Automating credit card fraud detection with Google BigQuery ML and Fivetran

Exploring fraud detection with automated data integration in a cloud data warehouse: part two of two.

In this second part of our blog series, we'll demonstrate how to set up an automated fraud detection system using Google's BigQuery ML and Fivetran. This blog post demonstrates setting up an automated fraud detection system using BigQuery ML and Fivetran. We'll move a credit card transactions dataset from a source database to BigQuery using Fivetran, then run BigQuery ML classification experiments to predict fraudulent transactions. This solution enables centralized data, modernized infrastructure and scalable ML applications for combating credit card fraud, all without requiring setup or maintenance.

Set up BigQuery as a Fivetran destination

Fivetran accounts support multiple Google Cloud destinations. Setting up a BigQuery destination is quick and easy – just provide your BigQuery Project ID and grant the BigQuery User role to the Fivetran service account in the project. You can also choose your preferred Google Cloud processing region.

Setting up BigQuery as a Fivetran destination is quick and easy

Add a Fivetran to BigQuery connector

I already have multiple data sources flowing into BigQuery, including SAP, SQL Server and Oracle operational databases, Salesforce,  GA4, Kafka, S3 and Workday. Fivetran has over 500 source connectors out of the box across multiple categories, including databases, applications, file systems and event systems, and that number is growing by the day.

Fivetran supports over 500 data sources to automate data movement into BigQuery

I want to move a credit card transactions dataset from a Microsoft SQL Server database to BigQuery for use with BigQuery ML. I'll add a SQL Server connector using Fivetran, which offers various options for connecting and moving relational databases to Google Cloud, including SaaS standard connectors, HVA hybrid connectors and LDP. For this dataset, I'll use a Fivetran SaaS standard database connector with log-free change detection.

Microsoft SQL Server source options in Fivetran

Fivetran provides detailed and step by step documentation for quickly moving SQL Server data into BigQuery. The SQL Server Setup Guide outlines the steps and each source and destination page includes details on version support, configuration, features, limitations, sync overview, schema information and type transformations. I've linked the SQL Server source detail page for your reference.

Everything you need to know about connecting to SQL Server with Fivetran

The SQL Server setup page in Fivetran has a setup guide to help you quickly connect to SQL Server.

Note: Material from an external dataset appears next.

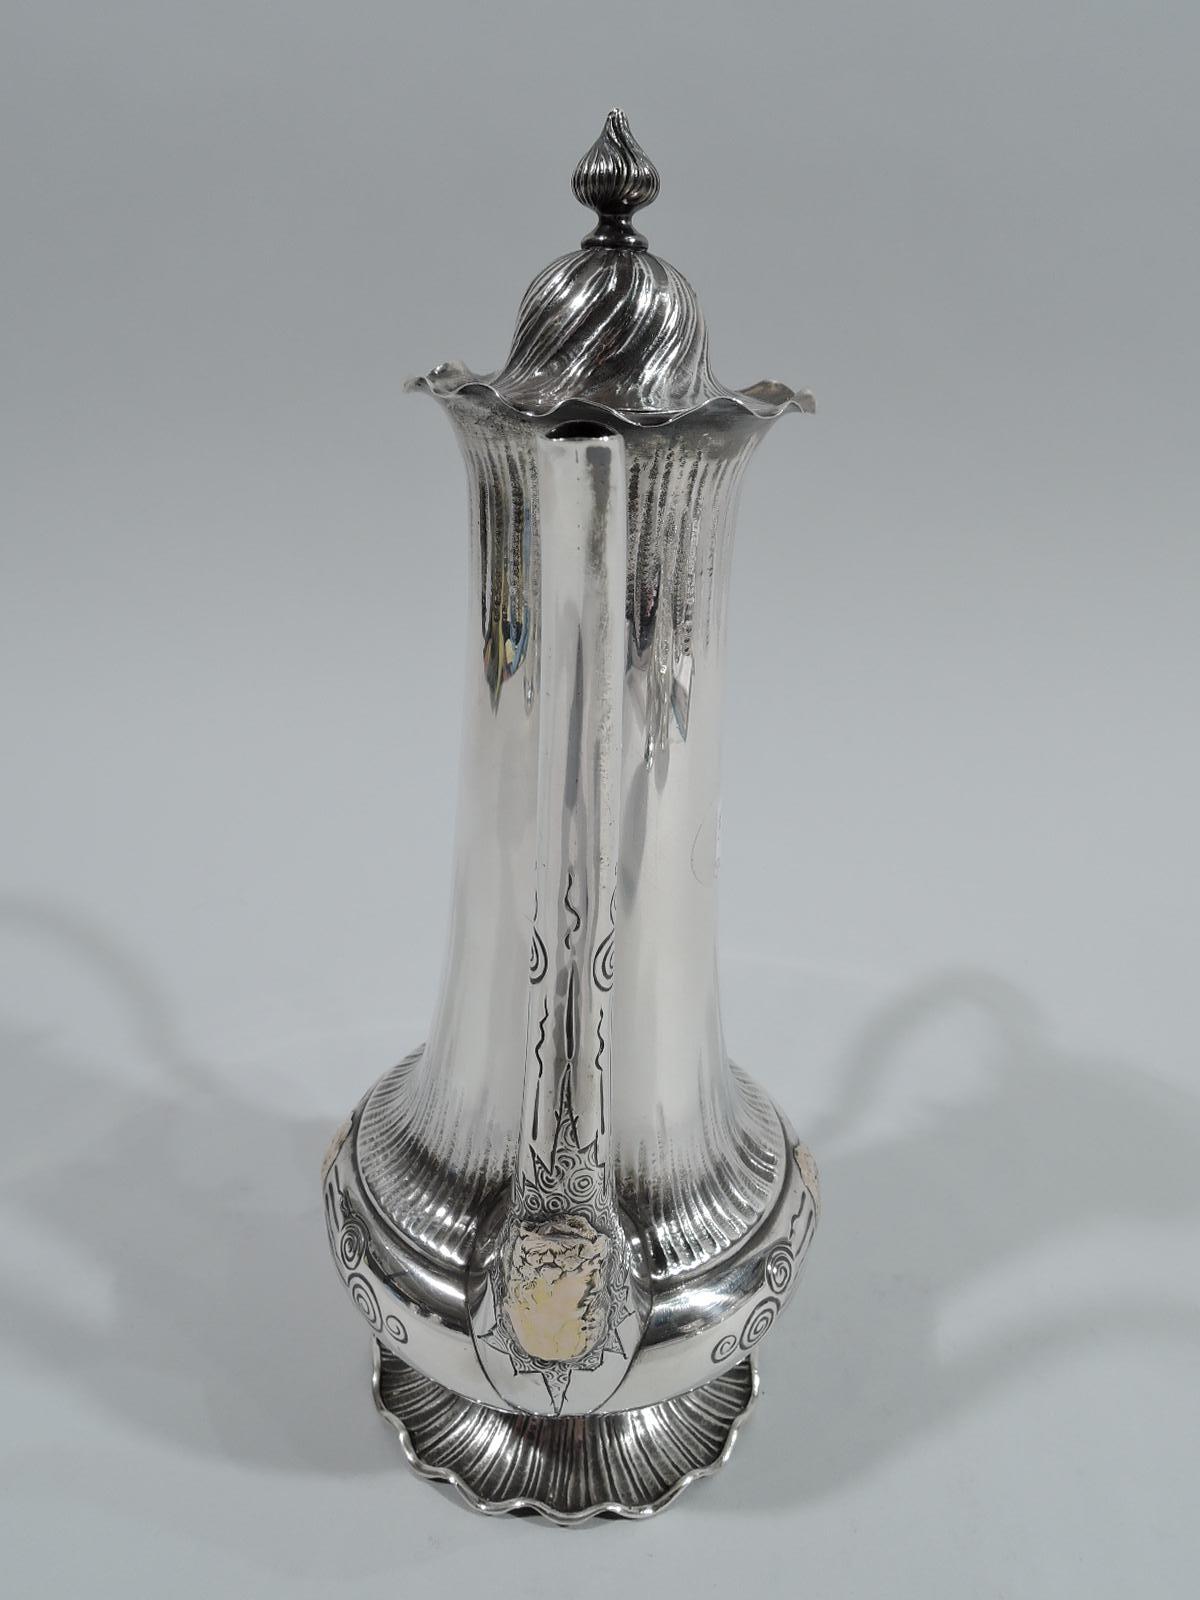 Medallion sterling silver Turkish coffeepot. Made by George W. Shiebler & Co. in New York, ca 1890. Gently upward tapering cylindrical neck flowing into bellied bowl on round and raised foot with wavy rim. Vertical s-scroll spout and high-looping

You choose the destination schema name (e.g., "automate_sqlserver_to_BigQuery_for_bqml_experiments") and provide authentication details for the SQL Server database. Fivetran handles the initial sync and incremental updates using either CT/CDC or Fivetran Teleport (log-free change detection).

SQL Server setup page in Fivetran

Fivetran encrypts all data in motion using Transport Layer Security (TLS) for direct connections to SQL Server, ensuring encryption and authentication. Any data temporarily stored in the Fivetran service is encrypted with AES256.

Selecting the credit card transactions dataset to use with BigQuery ML

After successfully connecting to SQL Server, Fivetran fetches the available source schemas, tables and columns. Instead of syncing all 13 schemas, I'll select only the "financial_services" schema and the "credit_card_transactions_fraud_detection" table for my fraud detection use case, blocking the other schemas and tables from moving to BigQuery. Fivetran also offers column-level hashing for data privacy and anonymization of PII data while still allowing the hashed columns to be used in downstream ML workflows.

Dataset selection (credit_card_transactions_fraud_detection) along with schema, table and column blocking (plus column hashing)

Incremental changes and schema drift

Fivetran then needs to know how I want to handle incremental changes since the schema may change in the future. I’m going to “Allow all”, but I have a range of options here. Any and all DML and DDL changes are automatically captured by Fivetran and delivered to BigQuery - no coding is required and I can determine the polling frequency to the SQL Server source for the change detection and subsequent movement to BigQuery.

Fivetran handles any and all schema drift as part of the incremental change detection automation

Starting the initial sync from SQL Server to BigQuery

After saving and testing the selections, I'm ready to sync the credit card transactions dataset from SQL Server to BigQuery. Fivetran moves the data to BigQuery, completes error checking and doesn't store any data in its service. It only retains a cursor to the sync point for the next incremental sync.

That’s it - I’m ready to start syncing my SQL Server credit card transactions dataset to BigQuery

This was a small dataset, just a single table and you can see that the initial sync was completed very quickly.

The initial sync was extremely fast for this dataset

Fivetran automatically sets up incremental CDC syncs for the connector, defaulting to every six hours. However, you can adjust the polling time from one minute to 24 hours, depending on your use case and the data freshness requirements for the downstream BigQuery ML fraud detection application.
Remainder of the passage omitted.